### Stored data
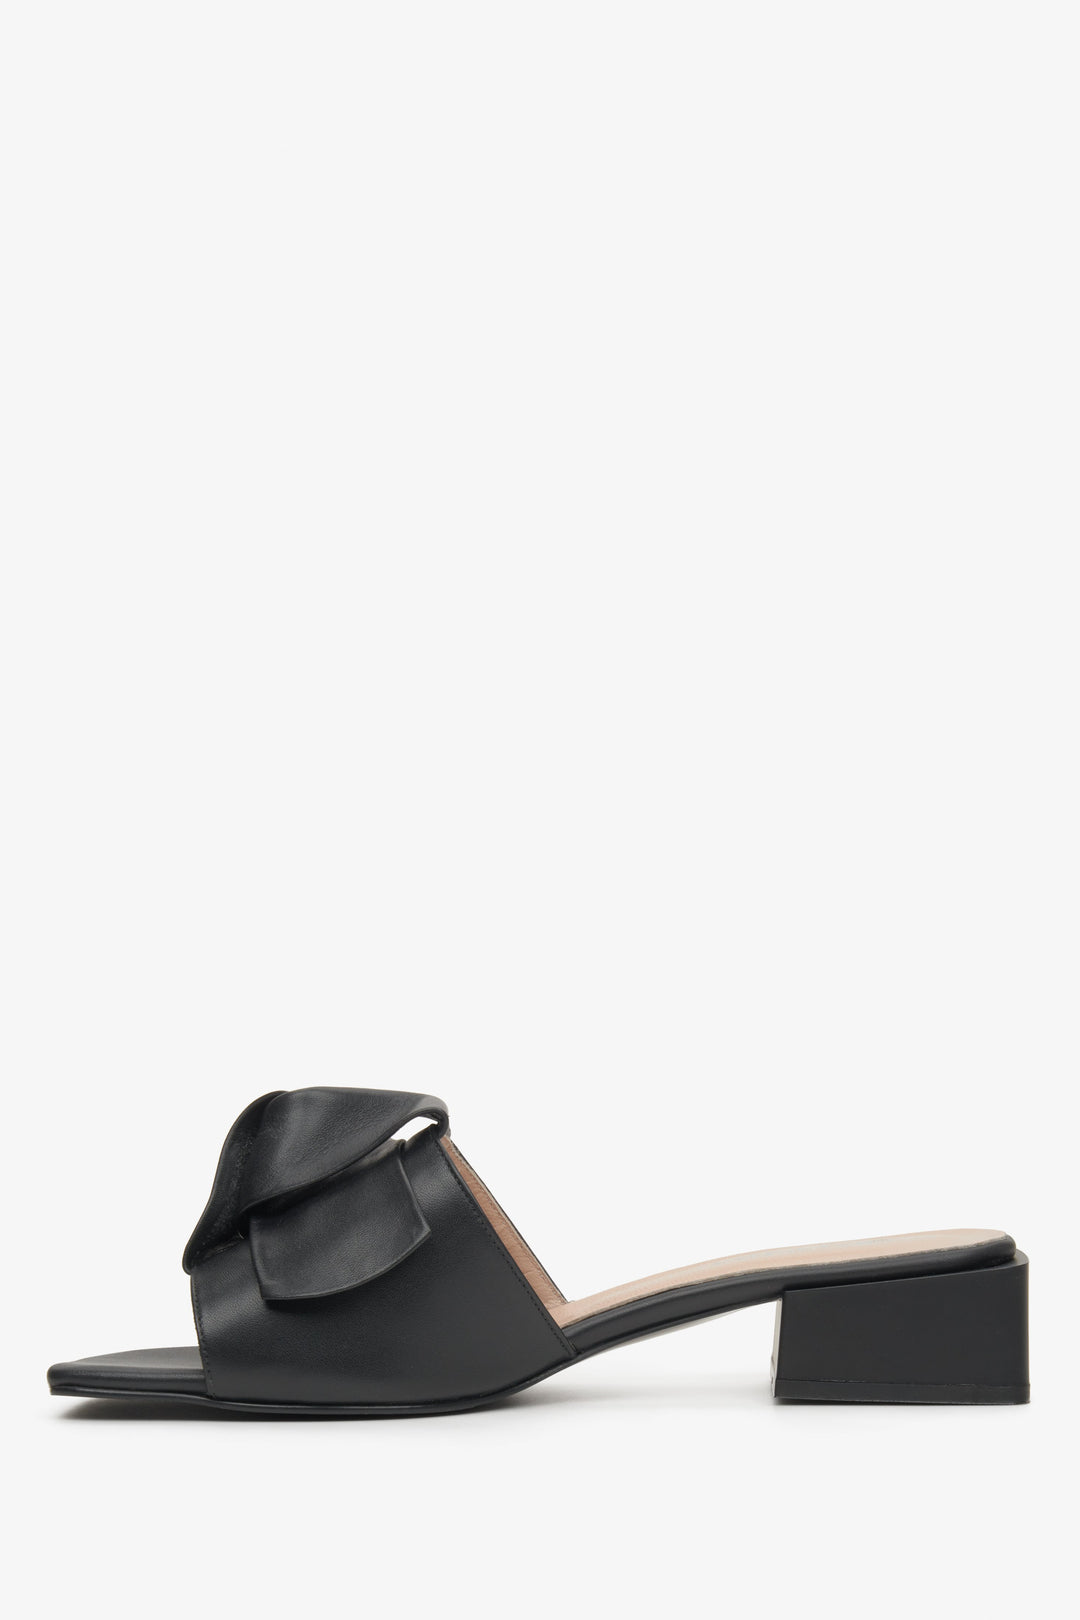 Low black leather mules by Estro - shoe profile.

--

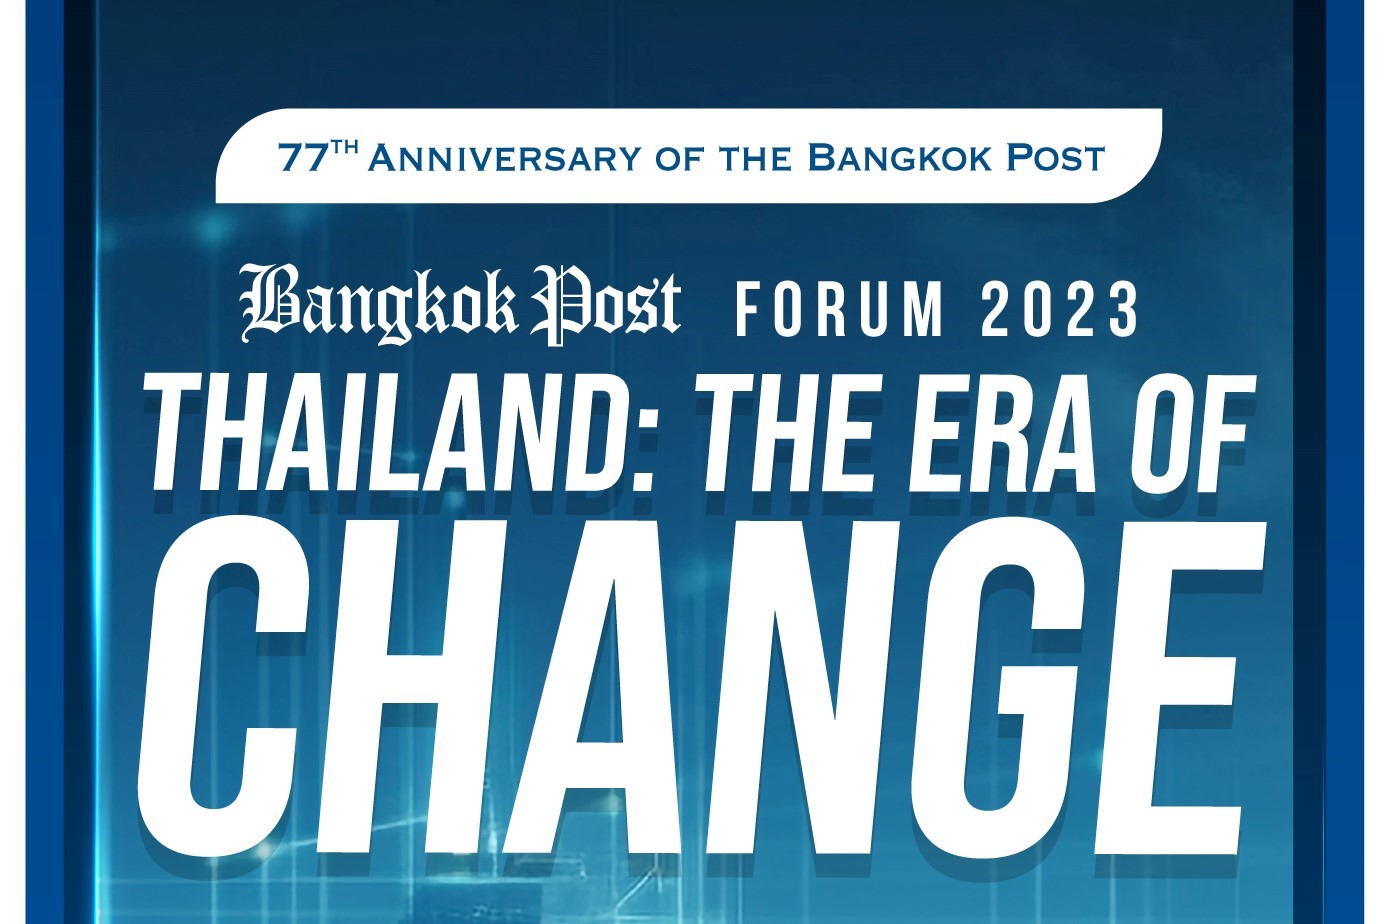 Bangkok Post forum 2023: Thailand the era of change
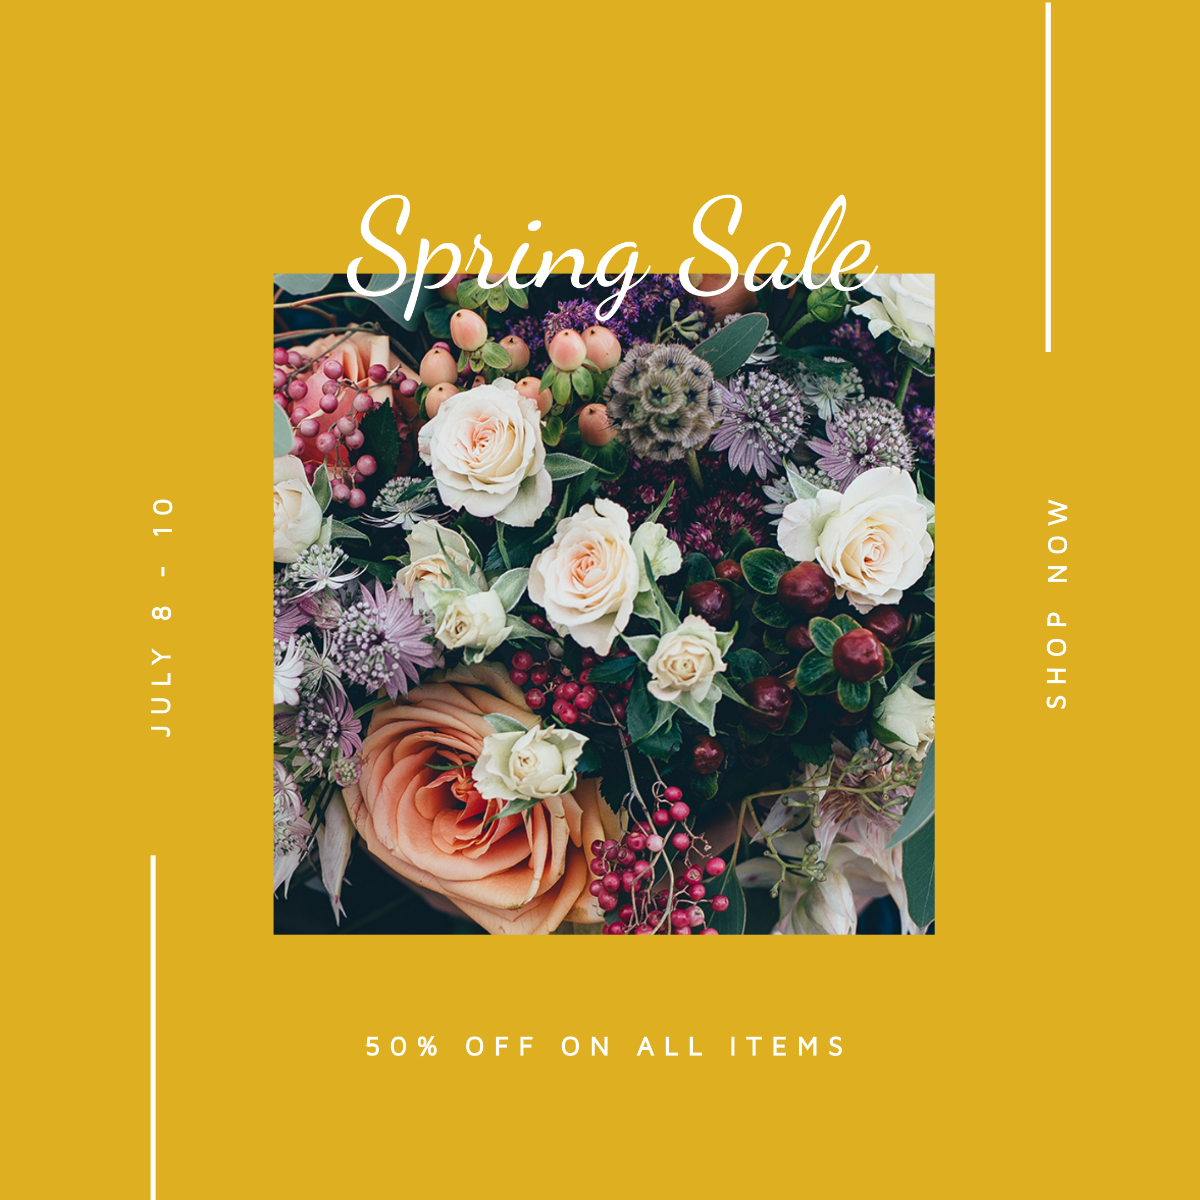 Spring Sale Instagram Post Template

### Your assignment
Using the entries above, transcribe exactly from the line that has "Bangkok Post forum" through the line that has "Spring Sale Instagram Post Template". Pictures are dropped.

### Answer box
 Bangkok Post forum 2023: Thailand the era of change
 Spring Sale Instagram Post Template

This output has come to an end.